I lurk here sometimes from ML but just wanted to say what the FUCK. I am so sorry you have to hear such bullshit. And fuck your sister too. I am enraged on your behalf. You don't need to make a single excuse for your medical issues. That's like apologizing for being blonde, or something. Totally ridiculous. I know that's a simplified way of looking at things, but it's how I deal with my own struggles.
I would be damn proud to sit right next to you in the accessible section right with everyone else here.
Thank you! I know I need to work on my self confidence. It's just difficult for me to understand why people treat me this way. I'm just trying to do the best I can with the cards I've been dealt. I just want to cut out all negativity out so hopefully I get the balls to stand up to these people whether they are family, coworkers, or whoever.

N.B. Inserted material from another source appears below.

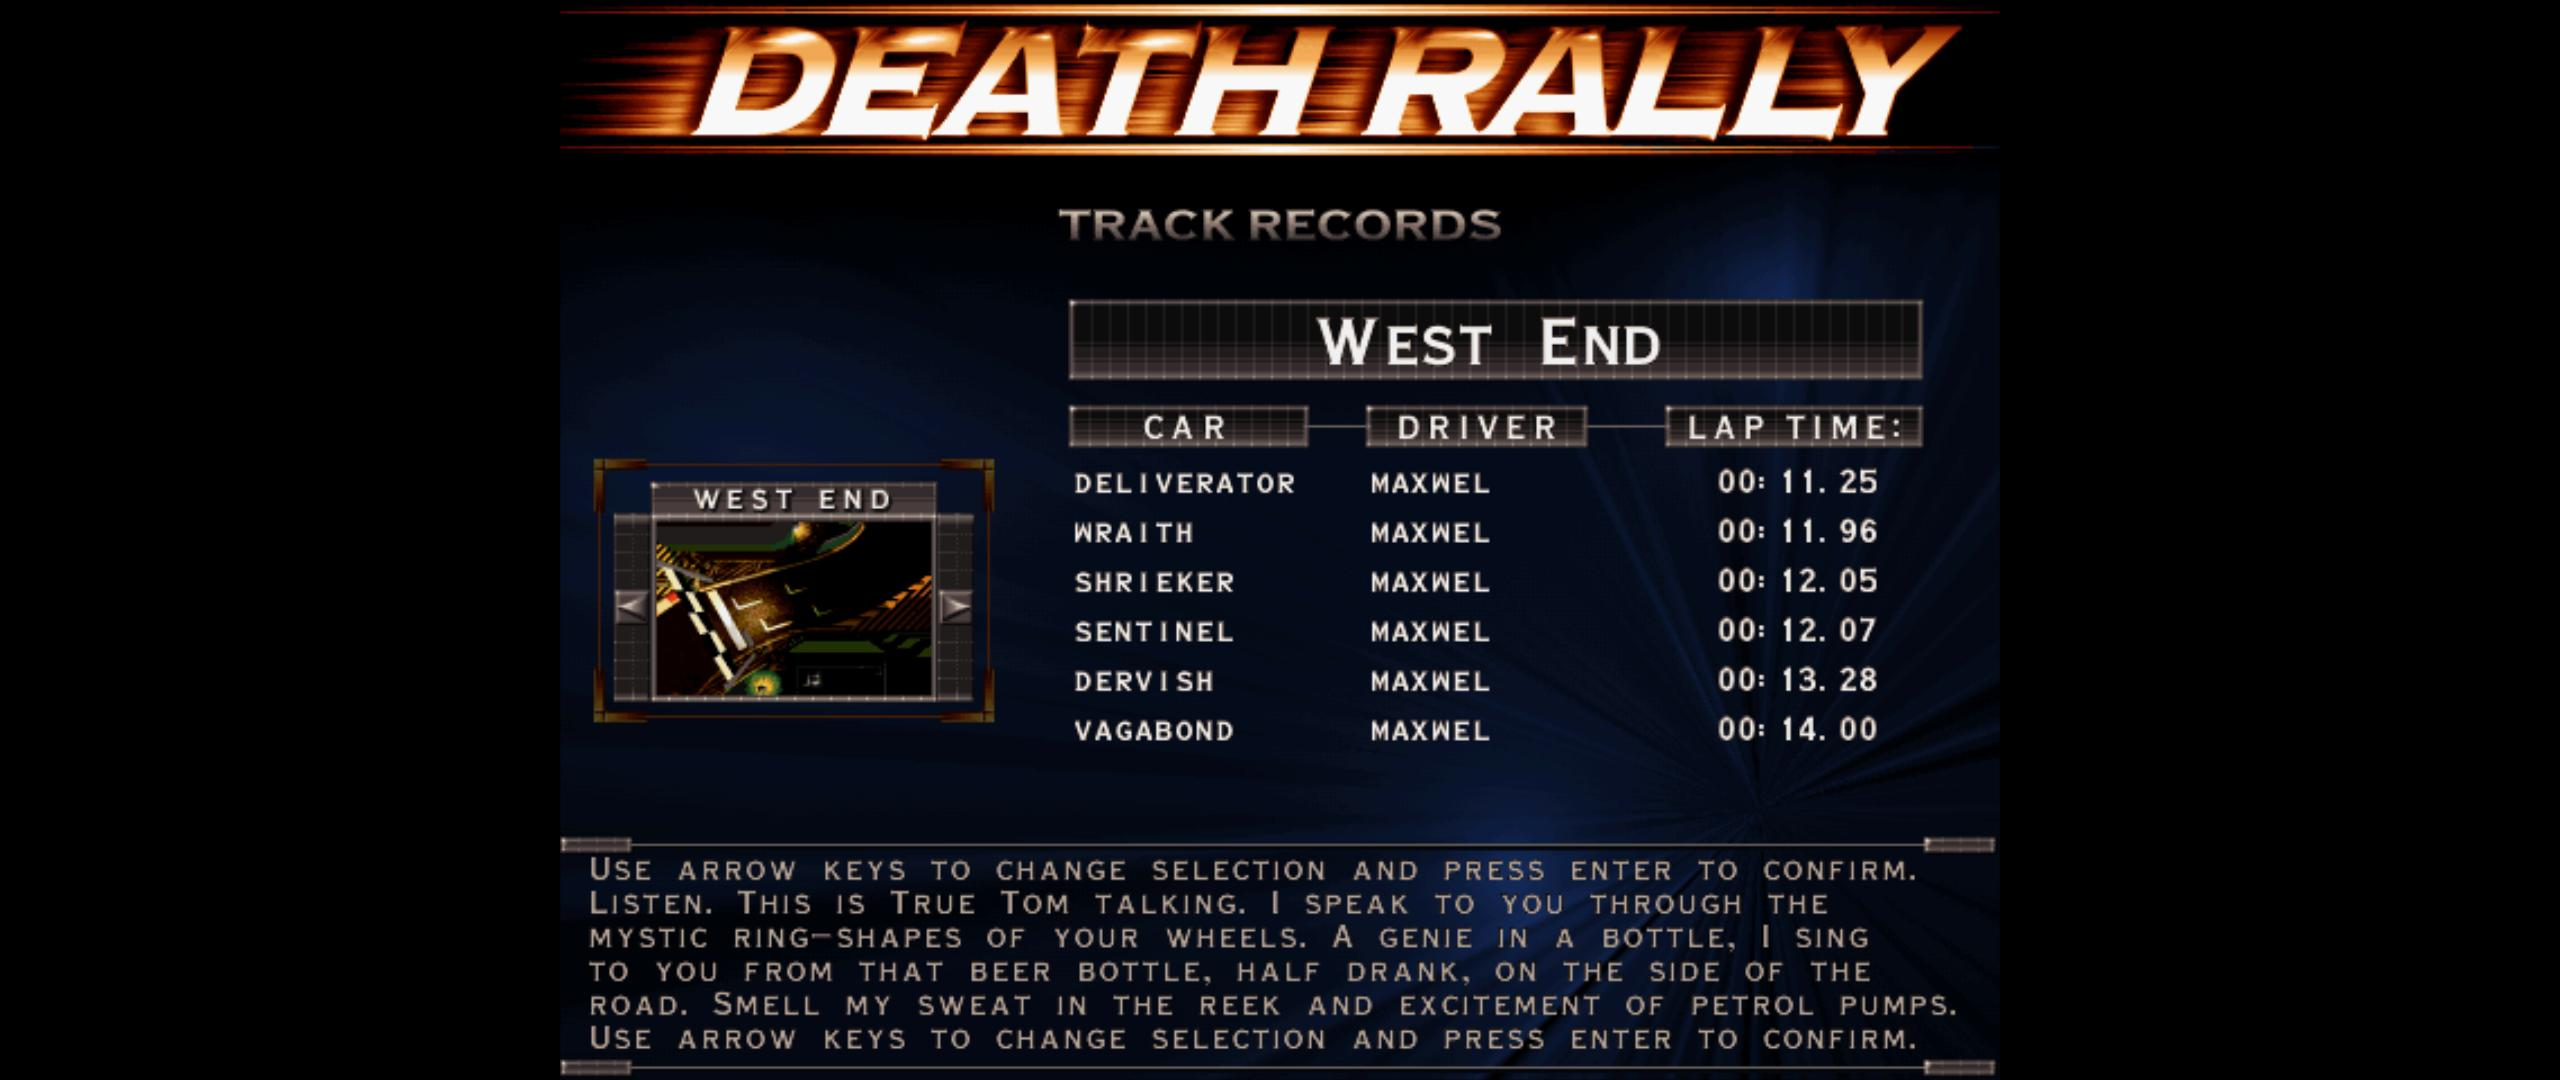 Maxwel: Death Rally [West End, Shrieker Car] (PC) 0:00:12.05 points on 2016-03-04 05:39:07

These people are assholes. I'm going to be honest with you- there are A LOT of fucking assholes in this world. Being disabled somehow means that you draw more attention than those who blend in and you will probably find more stupid people in life than your fair share. I'm sorry. Try to find a way to respond and put a wall up so as to not allow their stupidity to ruin you day. The flip side is you will also find awesome people who make the world better and who are also drawn to you. I'm not disabled, but I've had a close friend with a disability and this has been my observation.
I'm beginning to learn that. I understand someone maybe feeling awkward around me, or not feeling comfortable because they are unsure how to act. I get that. It's the incredibly mean and malicious comments that are just uncalled for and are obviously intended to hurt me.
It is just frustrating when it feels like it happens all the time. I'm sorry your friend has also had to experience insensitive/mean people as well.